A limited number of studies have examined the altered environment's role in healthy aging in rural communities. Rural communities are more likely to depend upon agriculture to sustain the local economy, which has a significant impact on health and aging. Since 2019, numerous studies examining the impacts of agricultural and industrial waste on human health and aging among rural populations have been published, primarily in settings outside of the US, particularly in China [9193], South Asia [9496], and sub-Saharan Africa [97100]. Agricultural waste, more common in rural than urban areas [101], contains multiple types of pollutants, including antibiotics [91, 93, 102], heavy metals [94, 103], ammonia [104], pesticides [96, 99], and many others. Furthermore, residents exposed to pollutants may not be aware of their risk [105]. Further complicating the health risks for older adults of perhaps unknown pollutants from agricultural waste is the location of landfills and other disposal sites in rural areas. It is increasingly evident that the location of these sources of pollution are likely to be situated in areas of lower socioeconomic status [106], and their locations disproportionately impact population health for disadvantaged populations [107]. There is comparatively less research on the temporal or longitudinal linkages between those chemical, radiological, and biological pollutants and their impacts on rural health and aging in the US than internationally. Given that in the US have a greater proportion of older adults are in rural areas than urban areas, and the plethora of mechanisms through which dangerous pollutants can impact health and increase the risk of disease, there is a crucial need to encourage research in this area.

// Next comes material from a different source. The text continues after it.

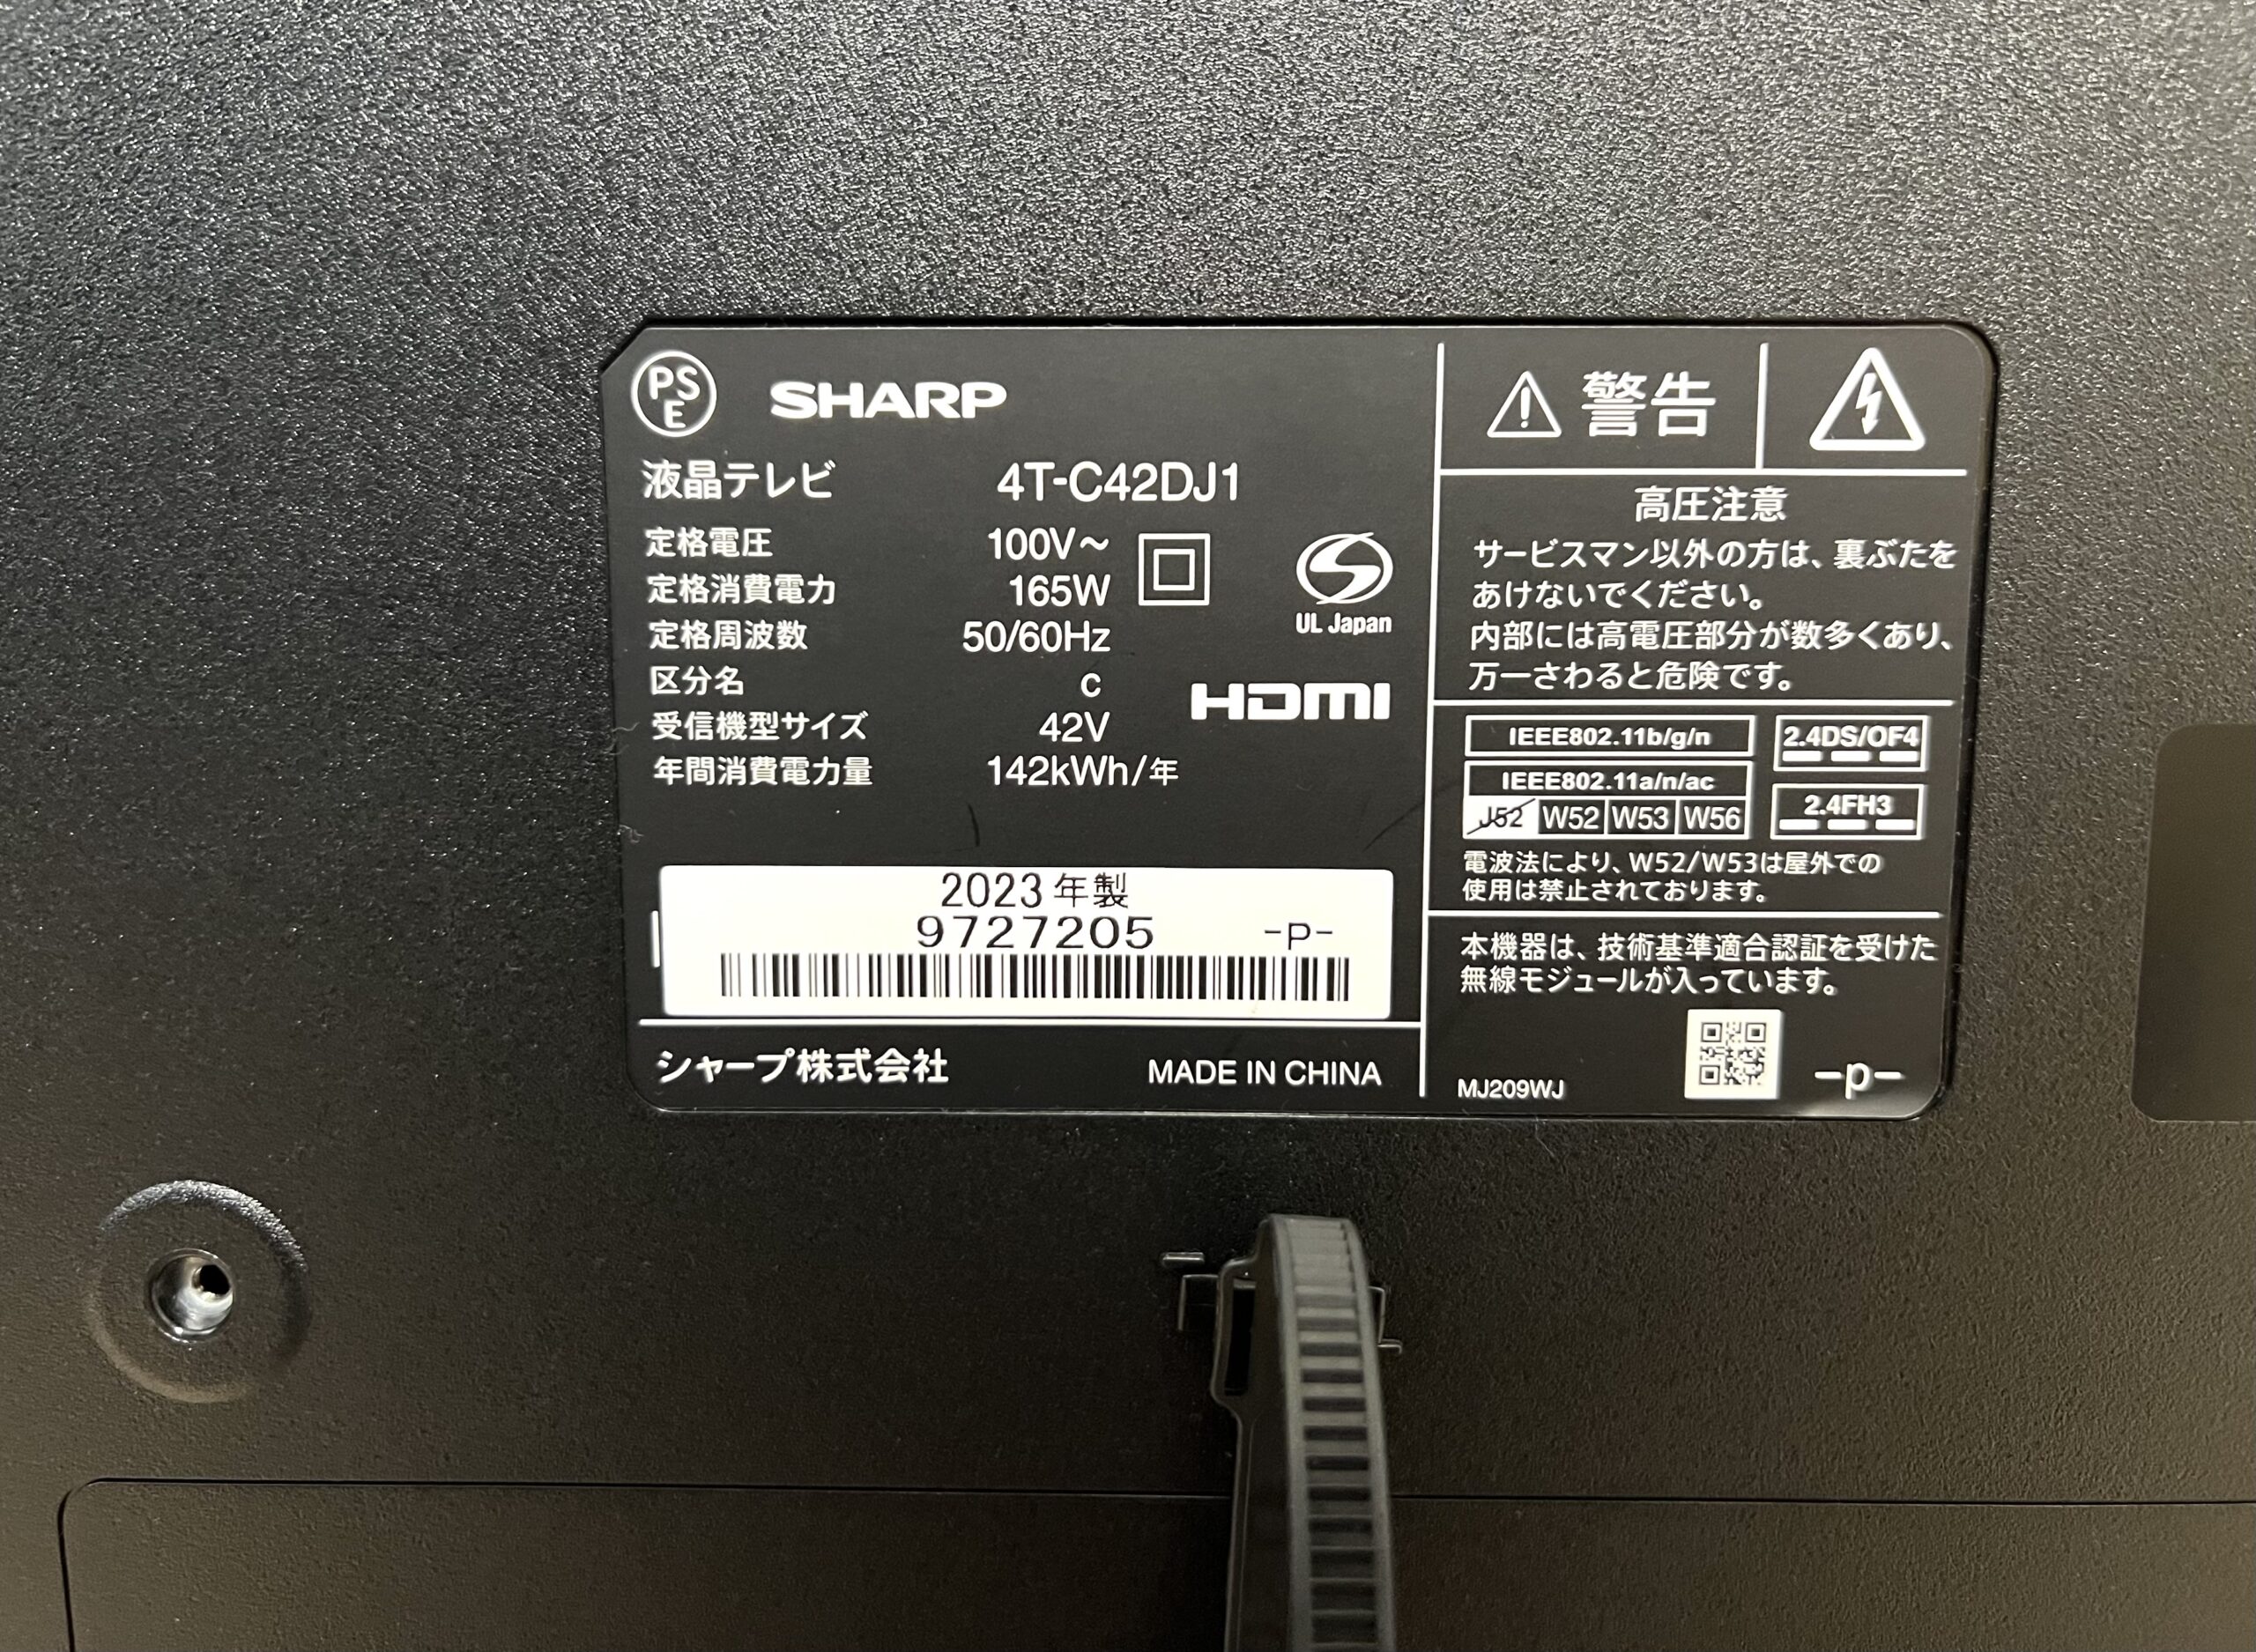 SHARP AQUOS 4K液晶テレビ 4T-C42DJ1を出張買取しました！テレビの買取 ...

As with research into the natural environment, recent research on the built environment and aging in rural areas of the US is sparse compared to international research [88, 108116] and the built environment in urban areas of the US [117119]. The degree to which the built environment affords the ability for people to walk and, more generally, move within a community without the use of other transportation methods [120], is an important, composite attribute of the built environment that impacts older adults’ ability to live and age successfully in both urban and rural communities [121•]. Recent research indicates that higher levels of walkability are associated with increased physical activity [121•, 122], and also allows for better social support [123125], and reduced loneliness among older adults [123, 126]. Despite the more natural physical environment, rural areas have significantly lower walkability than urban areas [127•]. Walkability has been shown to be an independent risk factor for obesity and related cardiovascular disease (CVD) [128], which has substantial implications for the health of rural older adults.

Other aspects of the built environment directly or indirectly influence population health and healthy aging, including aging rural infrastructure [129, 130], availability of and access to basic health services [131•] and community supports [132], and perceived safety due to the physical infrastructure and surroundings [133]. Research on the built environment and healthy aging is limited, and is largely focused on urban areas in the US and in developed nations outside the US. That said, the existing research suggests a critical need to modify and improve aspects of the built environment, such as walkability and infrastructure (e.g., accessible sidewalks) to improve the ability of older adults to age successfully in rural areas and reduce rural–urban inequalities in health. Although there are practical and significant challenges with translating and adopting initiatives often developed for urban and suburban areas to those rural and under-resourced communities, doing so can positively impact rural aging to an even greater degree than urban areas [121•]. Future studies should examine multilevel factors—individual, neighborhood, and regional—and assess not only clinical measures of population health, but also sociocultural acceptance of modifications to the built environment by those populations most impacted [121•]. To increase the internal validity and strength of evidence, future research should use robust, longitudinal study designs and incorporate researchers, policymakers, and design experts [134].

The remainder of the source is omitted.